Kepala Balai Bahasa Provinsi NTB, Puji Retno Hardiningtyas menyampaikan betapa NTB akhir-akhir ini dipenuhi oleh sastrawan yang memiliki potensi pengembangan di tingkat nasional. “Yang mungkin tidak banyak diketahui oleh masyarakat, bahwa ada sastrawan asal Sumbawa yang telah memperoleh penghargaan berupa bantuan pemerintah dari Kemendikbudristek, yaitu Dinullah Rayes. Prestasi semacam ini seharusnya juga dapat diperoleh oleh sastrawan lain di Nusa Tenggara Barat yang produktif menghasilkan karya,” ujarnya.
Selepas pembukaan dilakukan, materi oleh narasumber, yakni Aan Mansyur, disampaikan. Materi berkenaan dengan “Menelisik Kepengarangan Cerpen” dan “Menelisik Kepengarangan Puisi”. Ia membuka dengan memaparkan pandangannya terhadap bahasa. Aan mengatakan bahasa memiliki daya yang kuat dalam membentuk dunianya.

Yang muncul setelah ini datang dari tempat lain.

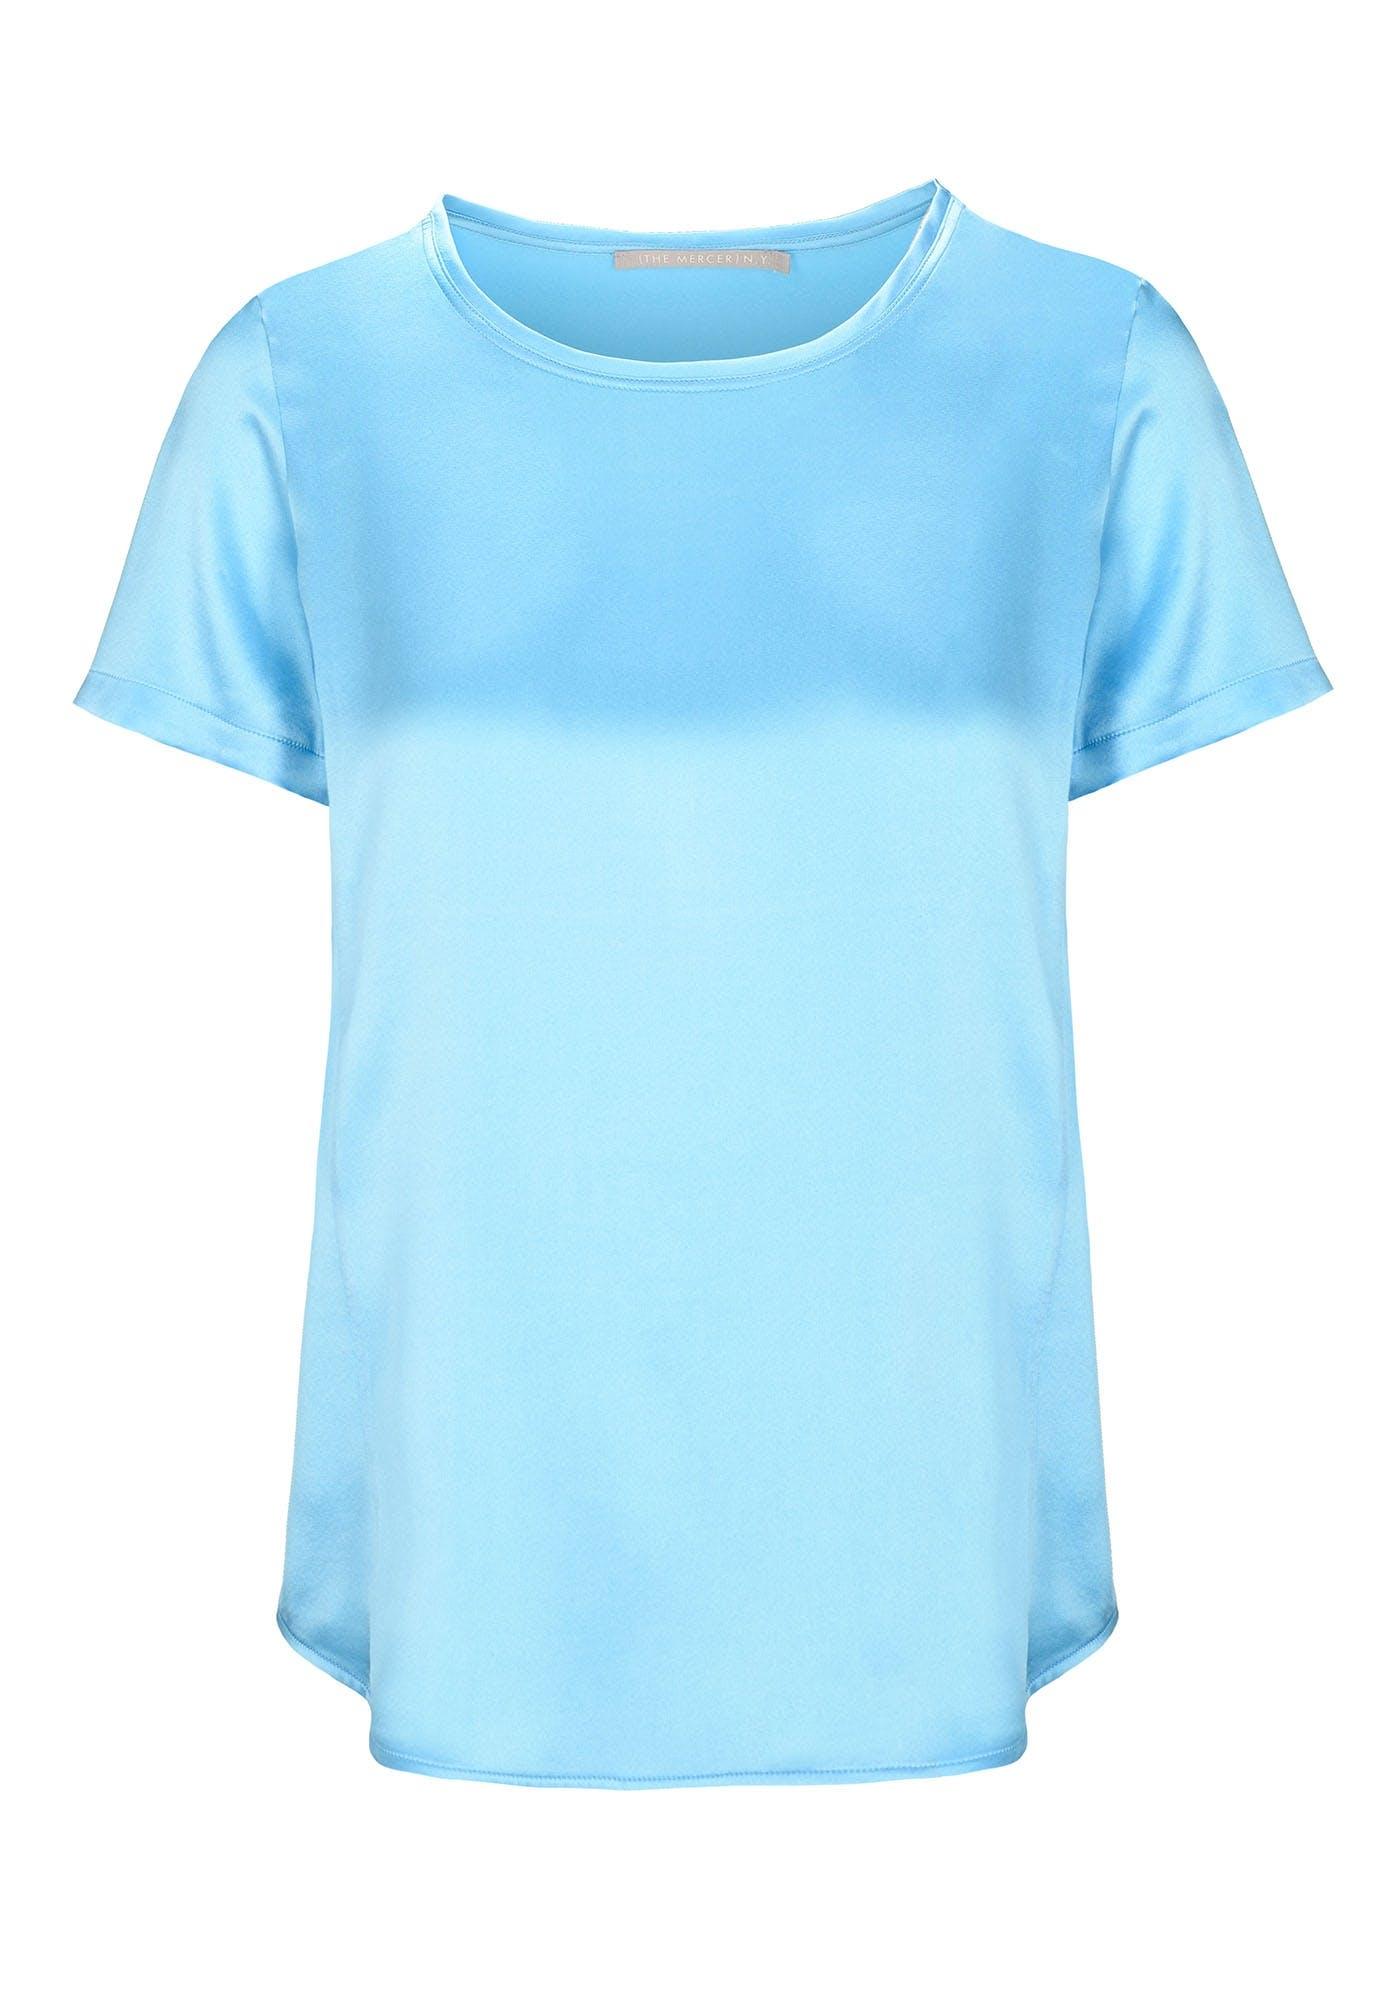 Satin Silk Shirt - Pool

Selanjutnya, ia menjabarkan pengalamannya dengan buku, alam, dan manusia yang banyak memberi inspirasi dan membentuk jalan pikirannya dalam menciptakan cerita dan puisi. Bagi Aan, faktor lingkunganlah yang membuat karyanya tumbuh seperti saat ini.

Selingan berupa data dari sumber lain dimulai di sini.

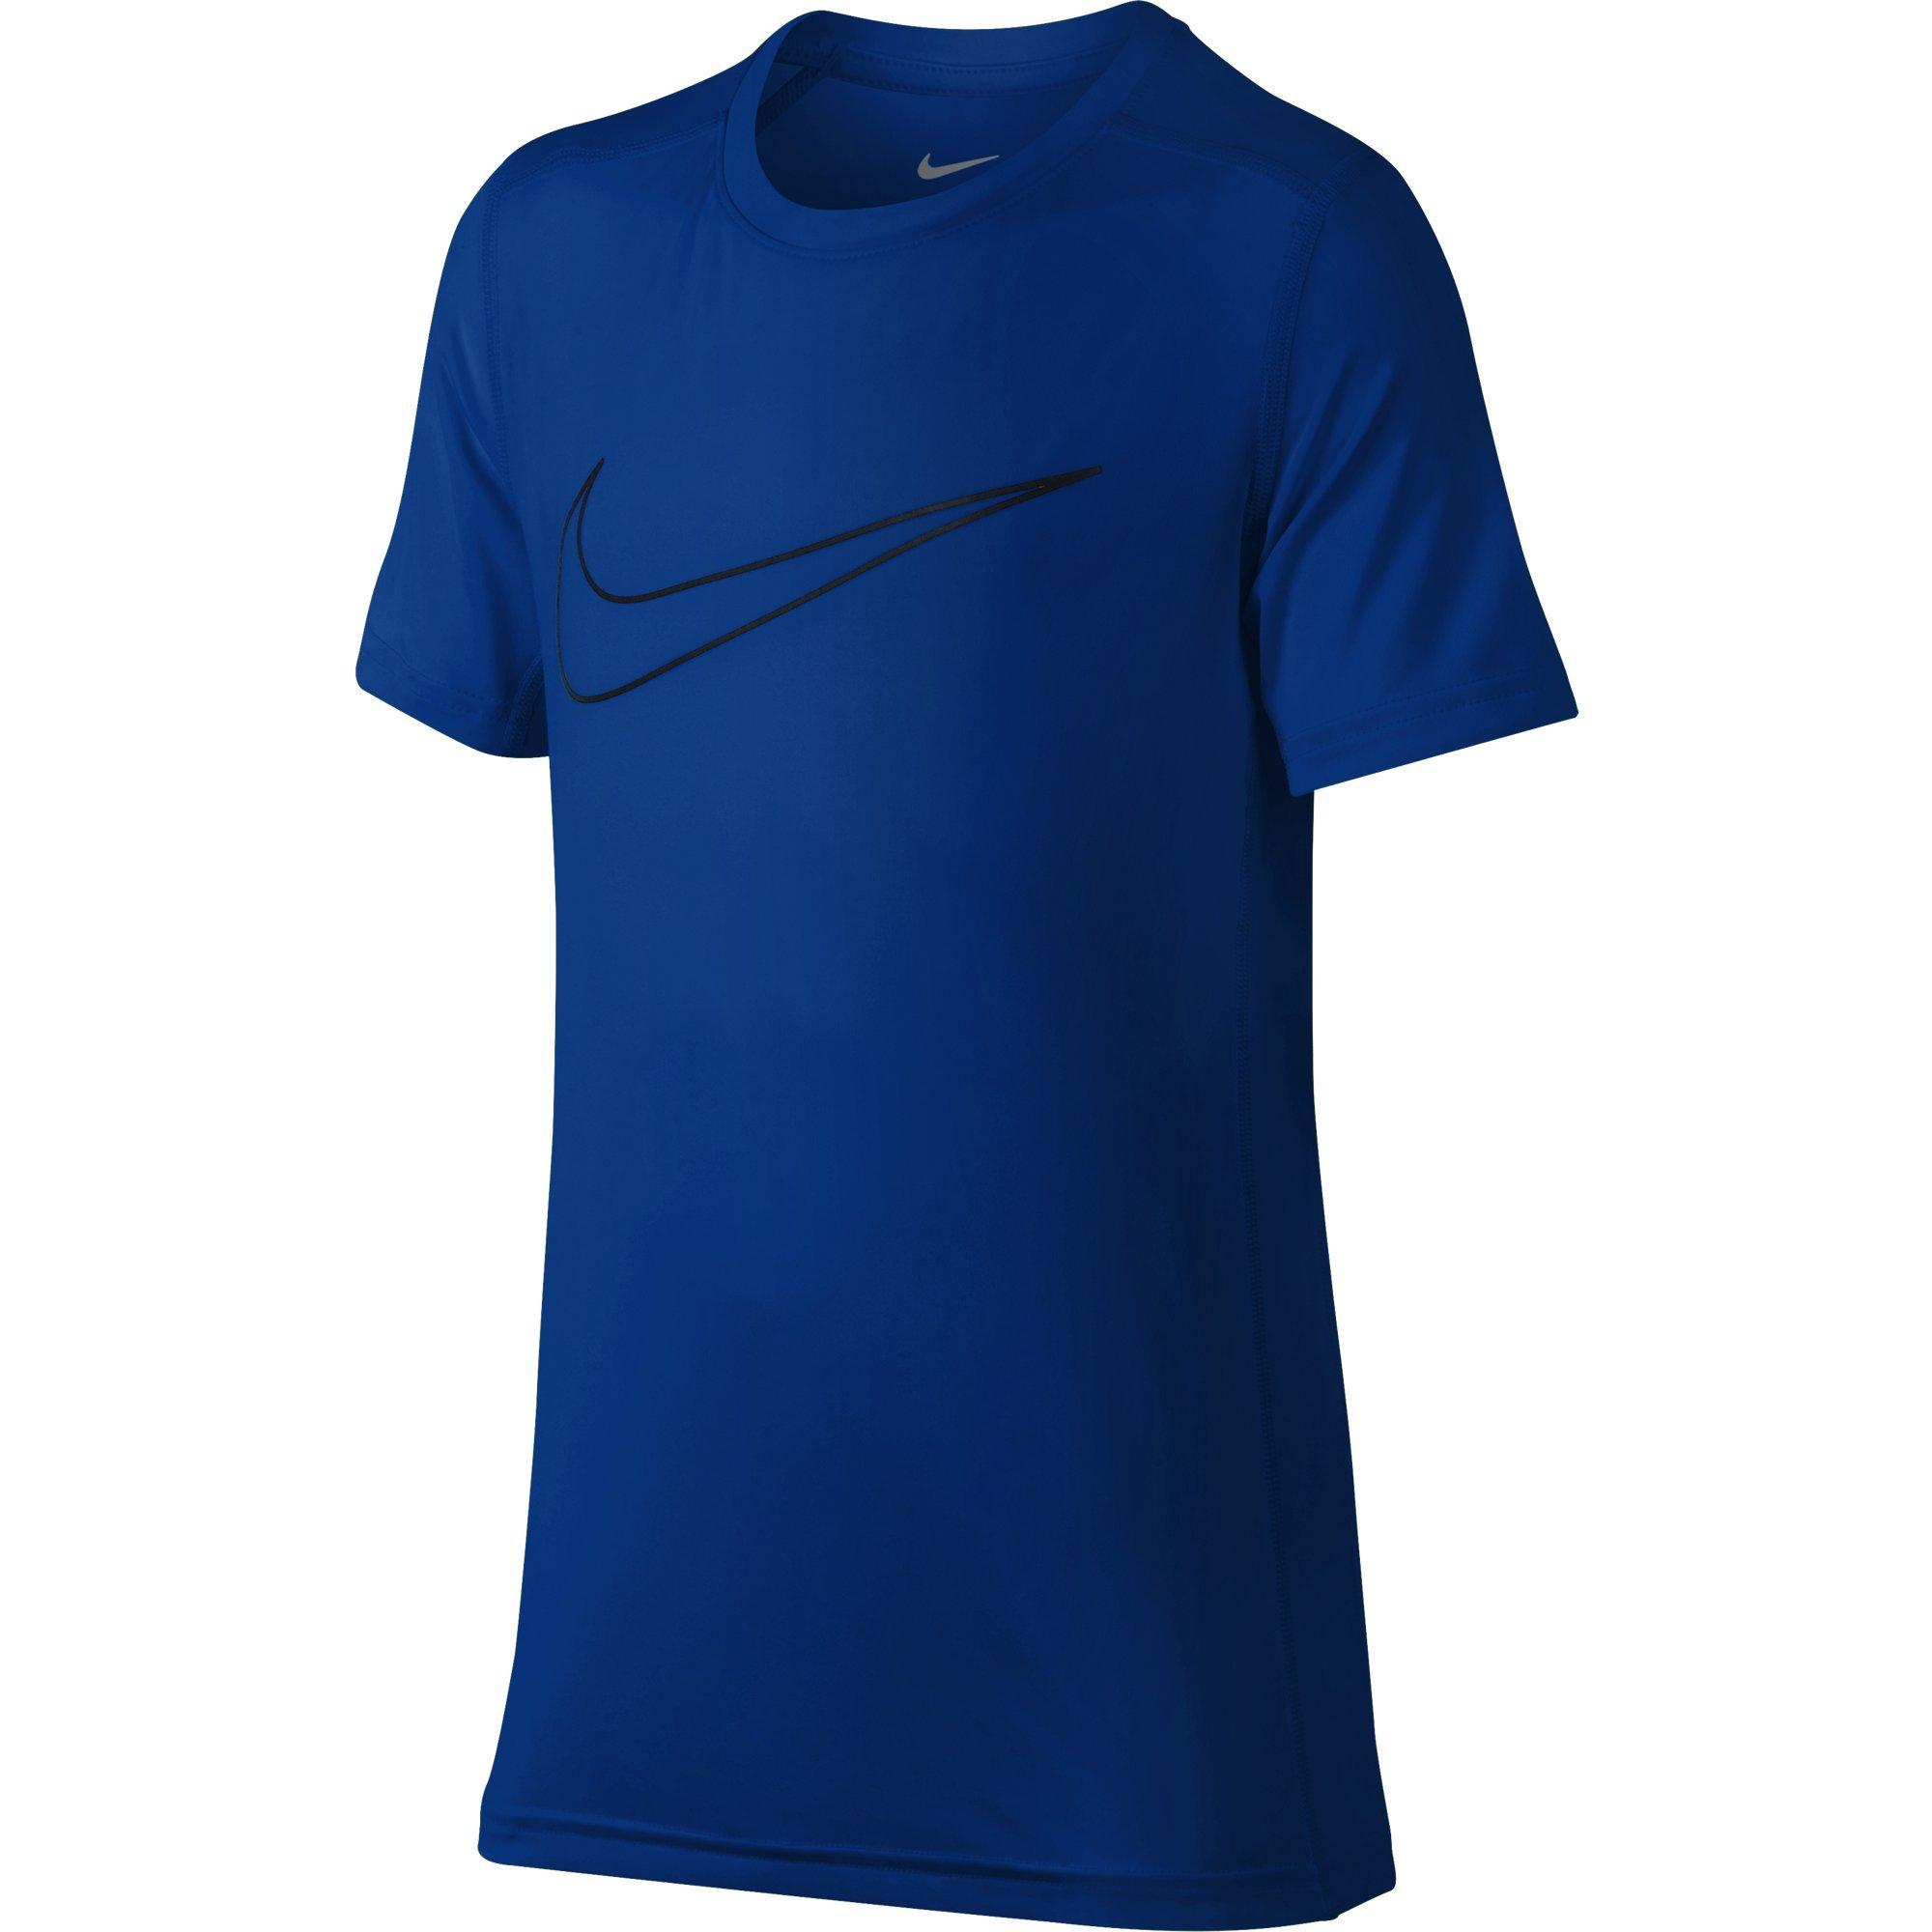 NIKE Boys' Short-Sleeve Training Shirt, Hyper Royal, Small

“Penutur bahasa Bugis memang mau tidak mau terdengar puitis. Ini karena banyak kosakata yang tidak eksis dalam bahasa Bugis, sehingga butuh perumpamaan untuk menjelaskannya,” tuturnya. Ia mencontohkan kata mustahil yang tidak terdapat padanannya dalam bahasa Bugis sehingga ia menggunakan istilah memanjat hujan untuk menggantikannya.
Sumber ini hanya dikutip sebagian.